(521en) Repurposing Existing Steam Reformers for COX-Free Hydrogen Generation through Catalytic Ammonia Decomposition

With growing environmental awareness and a combined effort towards reducing our carbon footprint, greener alternatives to energy-fuels are being implemented. Hydrogen is vital, futuristic energy as its burning is CO_x-free. Hydrogen is generated through multiple established routes, of which hydrocarbon steam reforming is the most widespread. Steam reforming is a mature technology with readily available resources, and moderate-high operating conditions. However, the use of hydrocarbons inevitably brings the production of CO_x. It, therefore, needs to be avoided in the long-term carbon neutrality goal. Cleaner, greener routes for H₂ production have been proposed to overcome the issues posed by steam reforming, one of them is ammonia cracking. Ammonia is a carbon-free hydrogen vector that is easier to store, transport, and convert to hydrogen via catalytic ammonia decomposition. Compared to methane steam reforming, ammonia decomposition is less endothermic (220 vs. 46 kJ mol^–1) and needs milder conditions (800 vs. 500 °C). Therefore, a steam reformer can be repurposed as ammonia cracker with minimal modifications.

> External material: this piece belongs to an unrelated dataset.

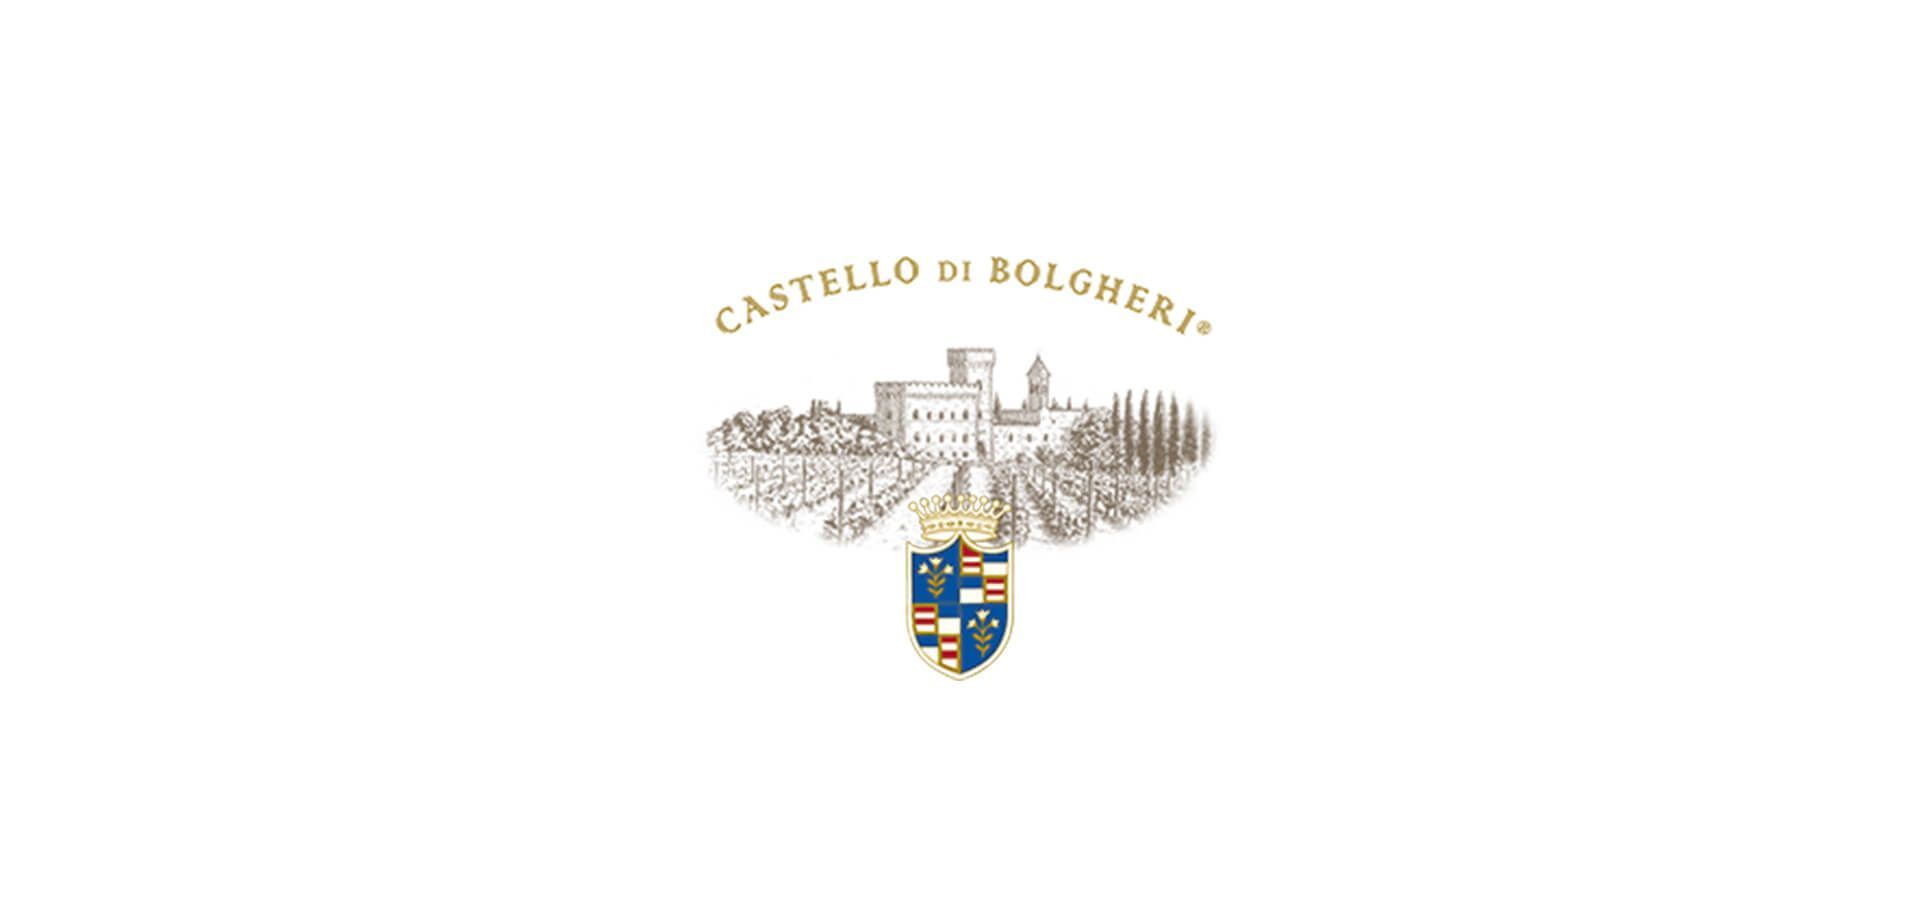 Castello di Bolgheri, Castagneto Carducci

Towards that effect, we present a combined process simulations and computational fluid dynamics (CFD) approach to repurpose an industrial steam reformer as an ammonia cracker. The proposed reformer is modeled in a shell-and-tube configuration, with a Ba-Co-Ce catalyst loaded in multiple tubes and heated from the shell. Firstly, laboratory-scale ammonia decomposition runs were performed in a packed-bed reactor from which intrinsic kinetics were obtained as a modified power-law rate expression. Coupling them with a 2D cylindrical catalyst pellet incorporating heat-mass transfer effects in a cracker tube, process optimization is performed using gPROMS®. The optimization studies suggest using a profiled wall temperature to effectively use the entire tube length; avoiding cold spots (Figure 1). In the following stages, LES-based CFD simulations are performed using Barracuda Virtual Reactor® to further propose effective temperature control strategies for this endothermic reaction.